Materials and methods
SDS-PAGE and immunodetection analysis
Proteins were separated by SDS-PAGE using 4–12% or 12% polyacrylamide NuPAGE Bis-Tris Precast Gels (Invitrogen). For SDS-PAGE analysis, gels were stained with SimplyBlue Safe Stain (Invitrogen). For immunodetection analysis, 1 ml of culture medium supernatant was recovered, filtered trough a 0.22 μm cut-off membrane and precipitated in 10% (v/v) trichloroacetic acid. Protein pellets were solubilized in 50 μl of Novex LDS Sample Buffer(Thermo Fisher) containing 0.1 M Tris Base and NuPage Sample reducing agent (Thermo Fisher). Precipitated proteins were run on SDS-PAGE gels and were transferred onto nitrocellulose membranes. Immunodetection assays were performed according to standard procedures.
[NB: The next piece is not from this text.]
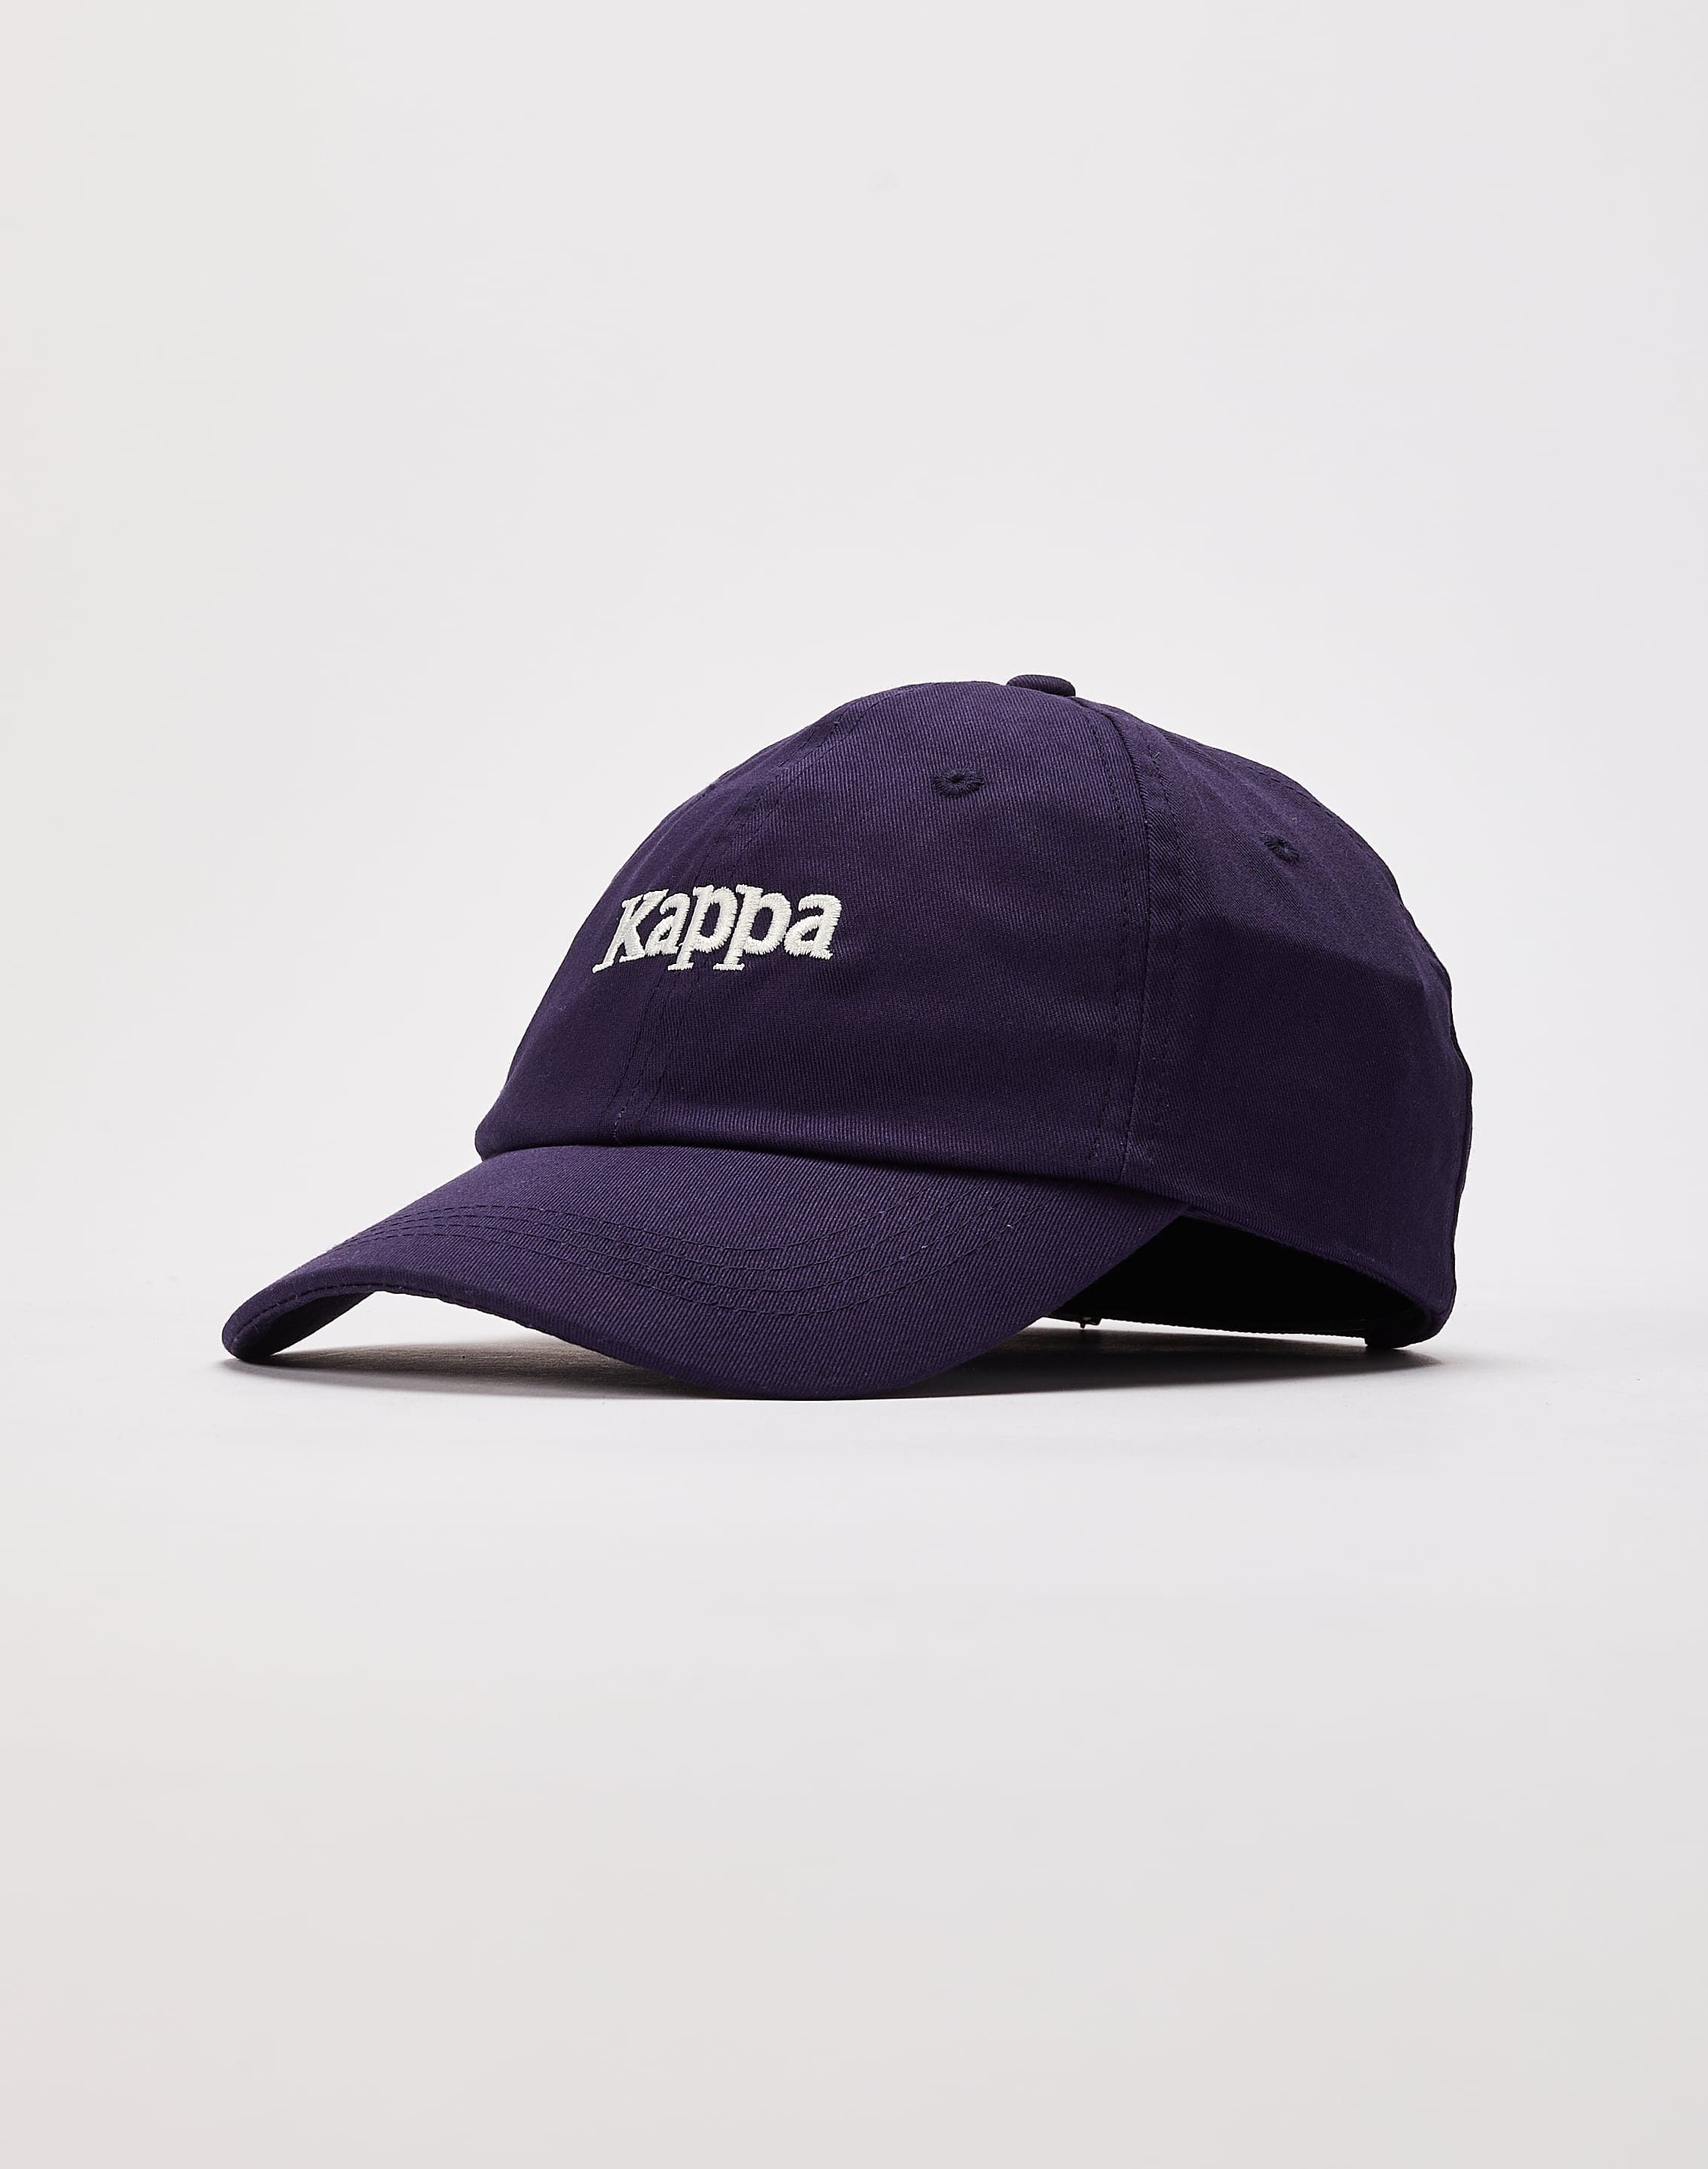 Kappa Authentic Hoogeveen Dad – DTLR Hat

NHBA full-length protein and its C-terminal fragments were identified with polyclonal mouse antisera raised against the recombinant NHBA full-length protein (working dilution 1:1000) or against the recombinant C2 fragment (working dilution 1:1000) [15], produced in-house. hLf was detected with immunodetection analysis using anti-Lactoferrin rabbit Polyclonal Antibody (PA5-29744 ThermoFisher Scientific) (working dilution 1:500). An anti-mouse antiserum (for NHBA) and anti-rabbit antiserum conjugated to horseradish peroxidase (32230 and 32260 Thermo Fisher Scientific) was used as secondary antibody. Bands were visualized with Super Signal West Pico Chemiluminescent Substrate (Thermo Fisher Scientific) following the manufacturer’s instructions.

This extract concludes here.